Monday, March 24, 2008

"spring break"

Andrew left today as his spring break ended -- and the apartment feels empty (as it generally does after he leaves). Despite my needing to read at least a 100 pages a day, we still managed to do things:

- Saturday, a St. Patrick's Day party at Alex and Kaitlin's, where one of K.'s coworkers gave me a Buddhist meditation chant to use in lieu of anti-anxiety drugs prior to my oral exam.

- Sunday, a trip into SF to meet up with Rachel, Josh, and baby Joel for lunch (at the most bourgie and yummy food court ever) and a walk, and a visit to the Zeum carousel.

- Watched Ratatouille.

- Watched Michael Clayton.

- Hung out on the lawn, had tea with Sara.

- Ate out: Siam Royal downtown, Patxi's.

- Ate in: made sushi, lasagna, green curry, eggplant parm, corned beef (St. Patrick's dinner -- found out I can't process beef very well any longer).

- Had Saturday in Palo Alto (Patxi's, cupa) followed by reading on the terrace till the sunset, reading in the TA lounge together, watching Fight Club.

- Visited the farmer's market... read outside... had a dessert/wine night in the studios with Jill.

And somehow I still managed to read The Origin of Species, The Strange Case of Dr. Jekyll and Mr. Hyde, Morris's News From Nowhere, some of Wilde's essays (including De Profundis), and at least start Hardy's Jude the Obscure (bad choice to be reading while Andrew left).

Eek orals are coming up.

But looking forward to Andrew arriving in mid/late may for his internship: yay to the last separation!

Friday, March 07, 2008

katha pollitt: new hero

About a week ago, Charlotte Allen proved once again that being a woman doesn't translate into understanding women's issues, by publishing a piece of drivel in the WaPo about how women are "kind of dim." It was poorly researched, poorly argued, and resisted considering any counterarguments. Unfortunately, there are never a shortage of women who seem to loathe their own sex.

So by taking Allen to task, Pollitt is officially my heroine of the day. The entire article is funny, articulate, and right on. It was hard to select just one chunk. Read the whole thing!


Why did Allen, by accounts a good reporter on religion in a previous life, write this silly piece? It's tempting to say she wrote it because she exemplifies the dimness and illogicality she describes -- after all, this is a woman who cheerfully claims not to be able to add much beyond 2+2. But I suspect that Allen, who works for the right-wing anti-feminist Independent Women's Forum, is just annoyed that so many educated middle-class women are cultural, social and political moderates and liberals. Democrats, in other words.

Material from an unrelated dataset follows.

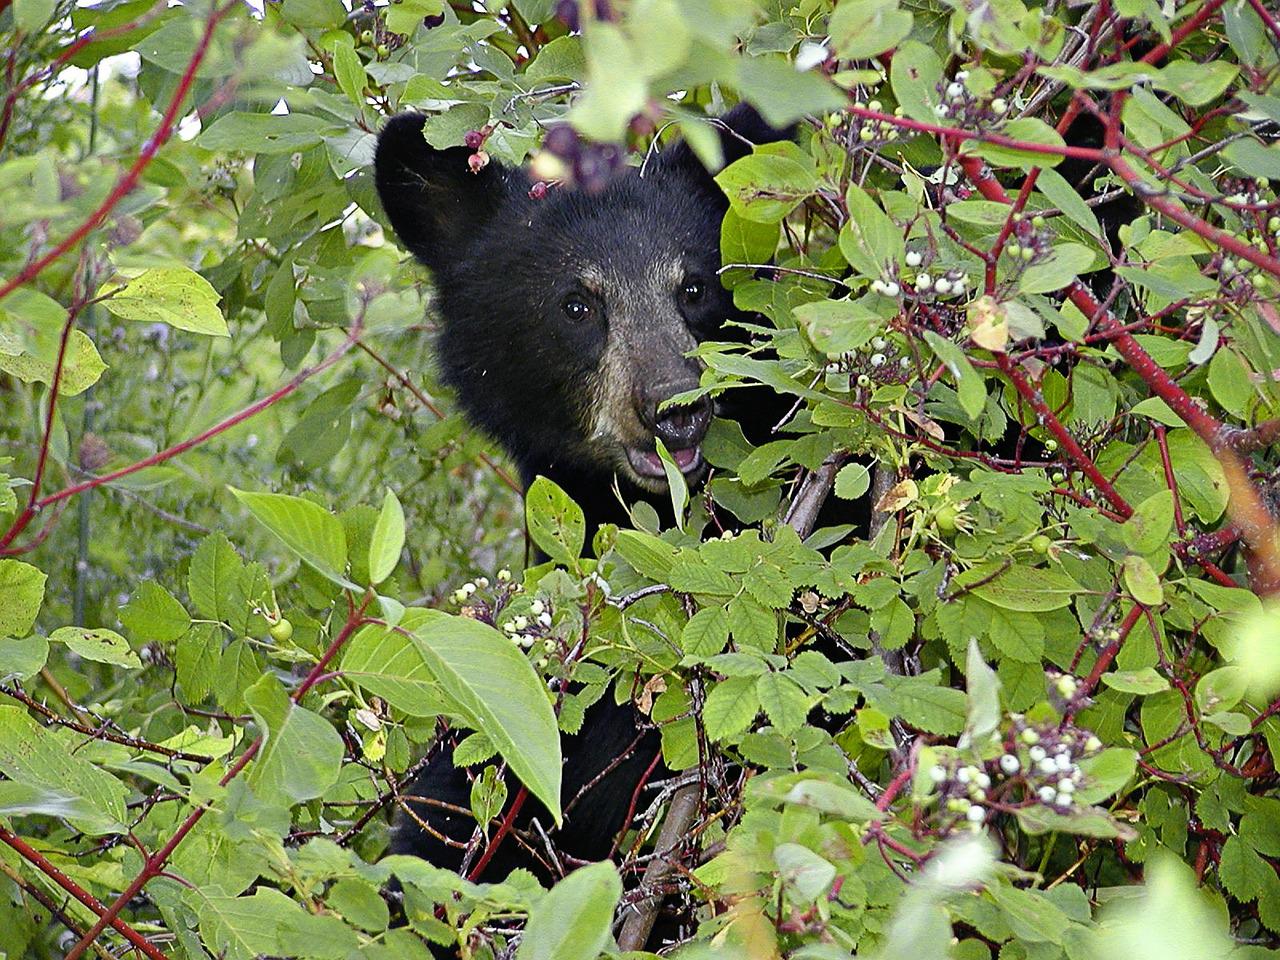 Black bear cub peeking through bushes.

Girls swooning for Obama, Elizabeth Gilbert leaving her "perfectly okay husband" to eat, pray, love and write a huge best-seller, Meredith Grey and Dr. McDreamy smooching between surgeries, Hillary Clinton running for president instead of spending the rest of her life apologizing for her marriage -- it does indeed make a picture. But it isn't one of women's unique "stupidity" -- raise your hand if you think Hillary Clinton has a lower I.Q. than George W. Bush. What bothers Allen about this picture is that these women reject, with every fiber of their latte-loving beings, the abstinence-only, father-knows-best, slut-shaming crabbed misogyny of the Republican right.

A far more important question is this: Why did The Post publish this nonsense? I can't imagine a great newspaper airing comparable trash talk about any other group. "Asians Really Do Just Copy." "No Wonder Africa's Such a Mess: It's Full of Black People!" Misogyny is the last acceptable prejudice, and nowhere more so than in our nation's clueless and overwhelmingly white-male-controlled media. I can just picture the edit meeting: This time, let's get a woman to say women are dumb and silly! If readers raise too big a ruckus, Outlook editor John Pomfret can say it was all "tongue in cheek." Women are dingbats! Get it? Ha. Ha. Ha.

Here's a thought. Maybe there's another thing women can do besides fluff up their husbands' pillows: Fill more important jobs at The Washington Post. We should be half the assigning editors, half the writers, and half the regular columnists too (current roster of op-ed columnists: 16 men, two women). We've got those superior verbal skills, remember? Drastically increasing the presence of women isn't a foolproof recipe for gender fairness -- Allen is far from alone in her dislike of her sex -- but I have to believe a gender-balanced paper would reflect a broader view of women than The Post does at present.